Data excerpts
____
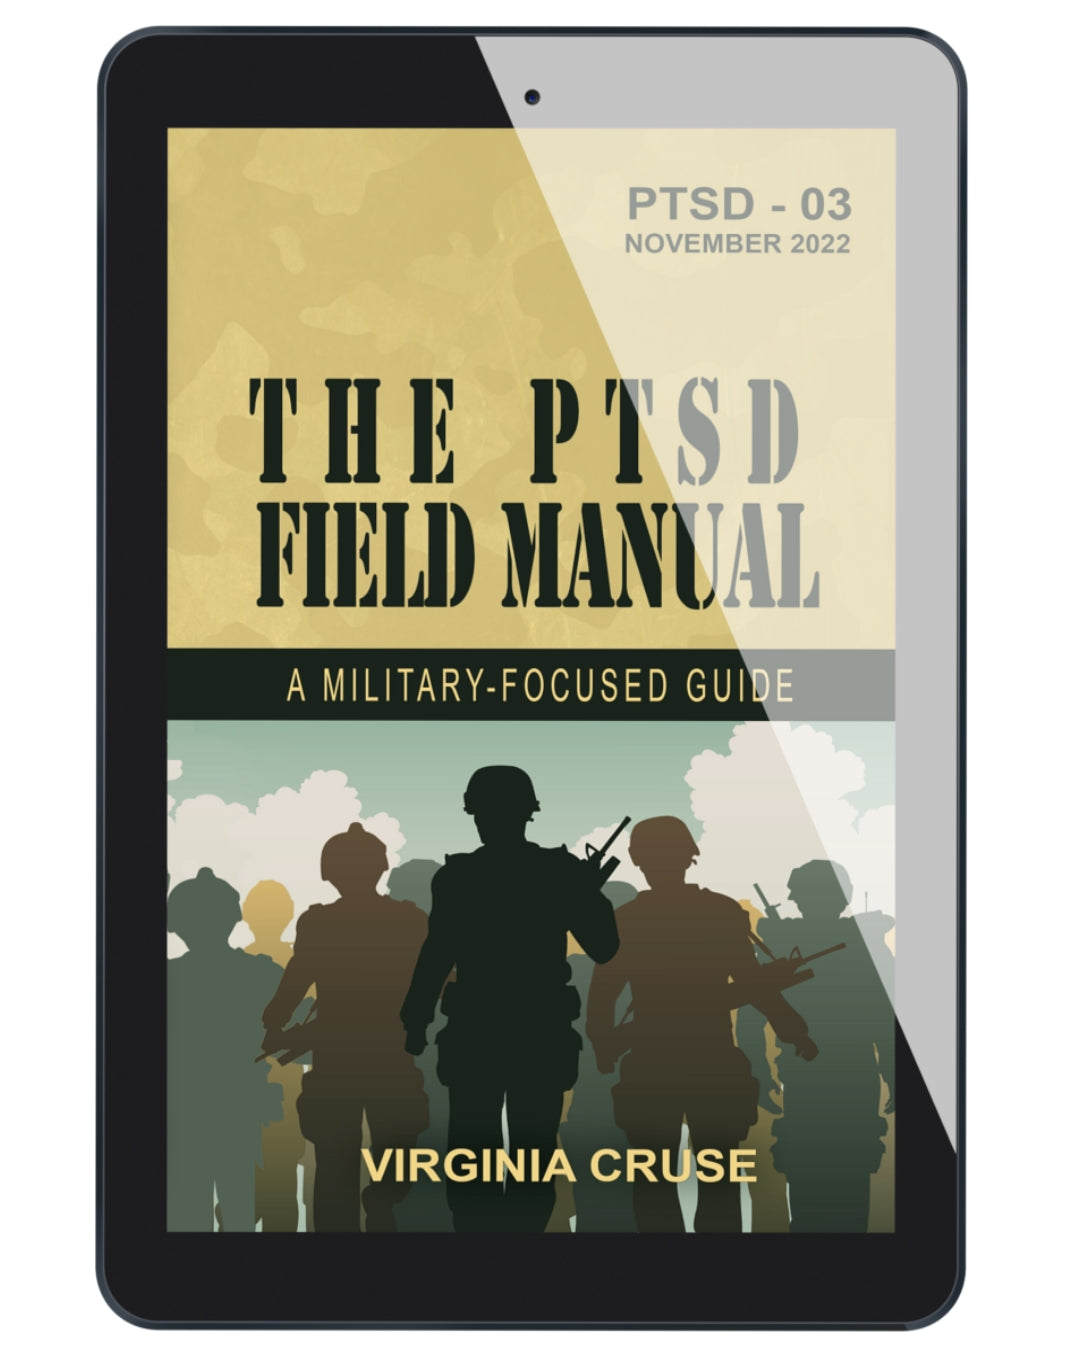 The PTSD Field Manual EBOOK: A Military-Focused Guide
____
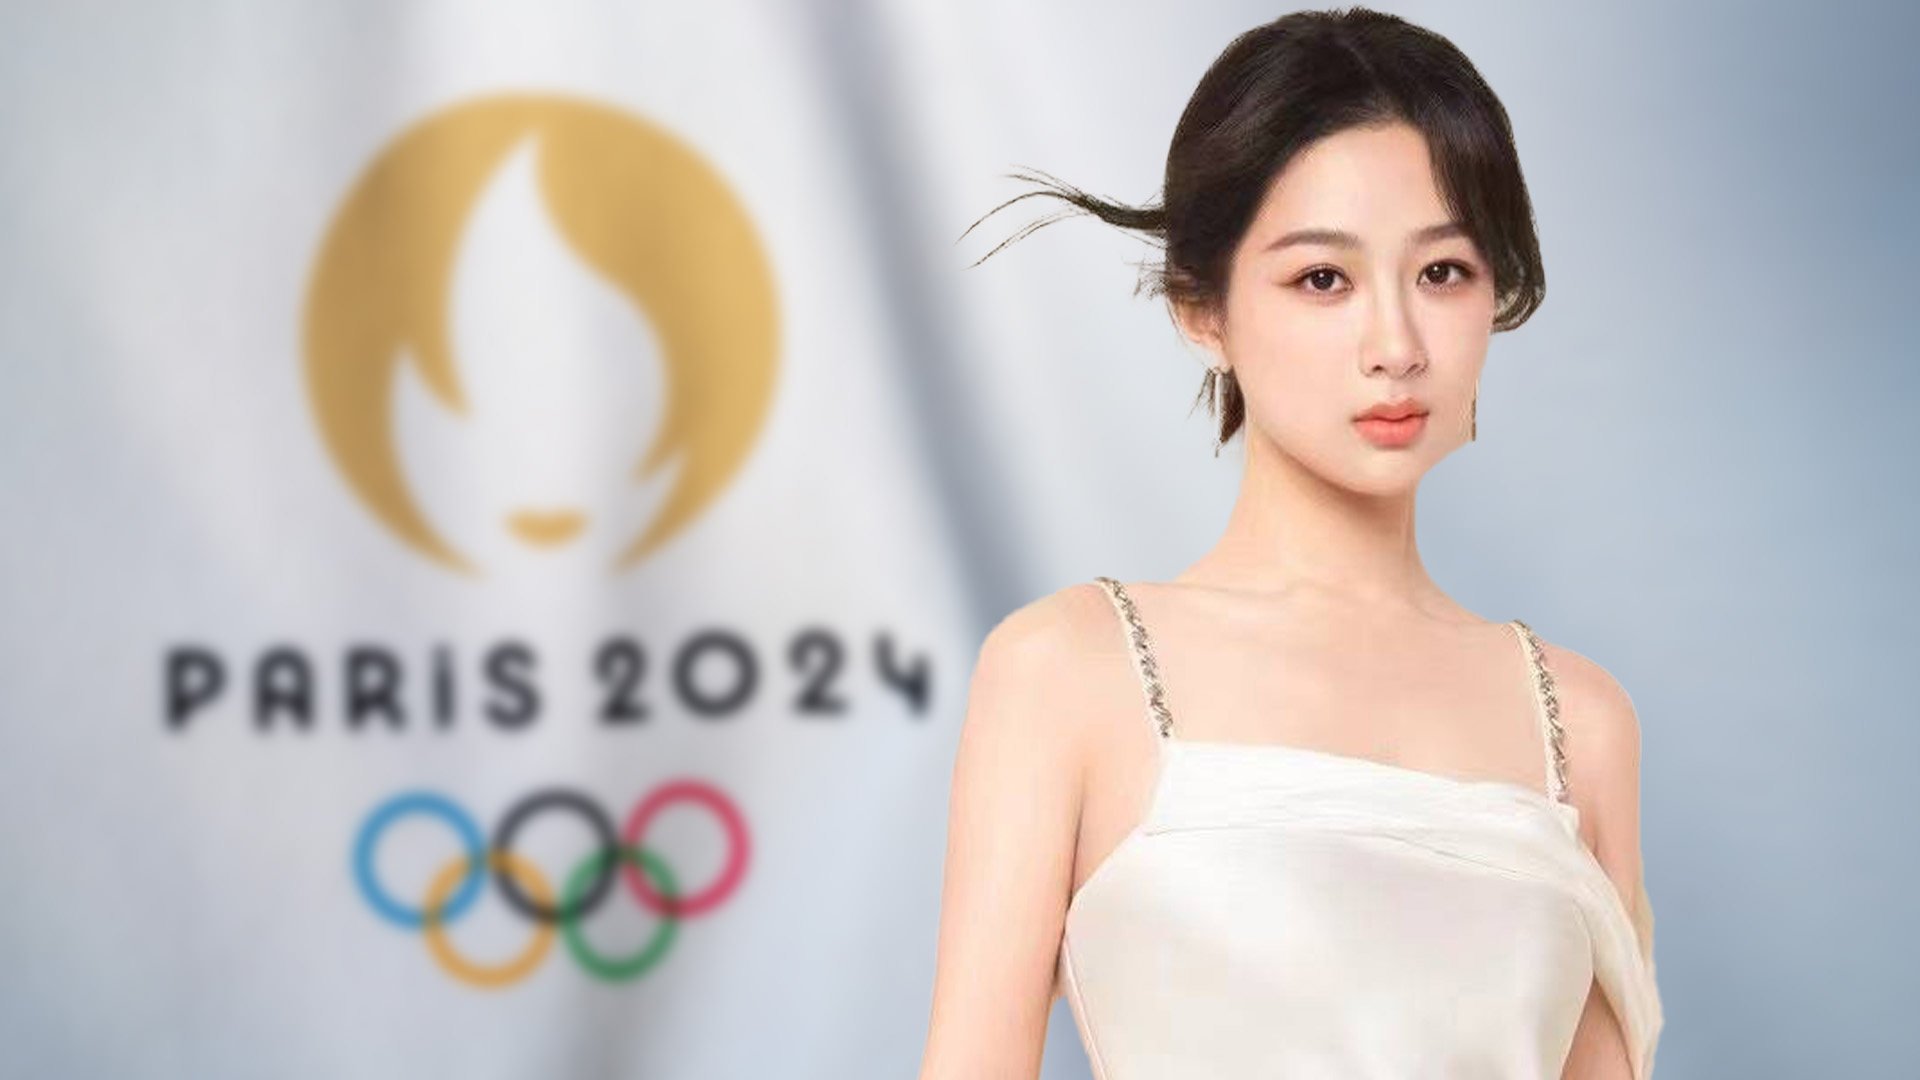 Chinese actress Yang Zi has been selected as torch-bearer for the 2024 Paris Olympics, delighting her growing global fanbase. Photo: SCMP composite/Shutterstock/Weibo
____
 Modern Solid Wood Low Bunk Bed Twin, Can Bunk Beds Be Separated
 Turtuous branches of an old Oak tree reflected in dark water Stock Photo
____
Task instructions
Working from the records above, write out verbatim only the lines from the line containing "Modern Solid Wood" through the line containing "Turtuous branches of".

Response to this task
 Modern Solid Wood Low Bunk Bed Twin, Can Bunk Beds Be Separated
 Turtuous branches of an old Oak tree reflected in dark water Stock Photo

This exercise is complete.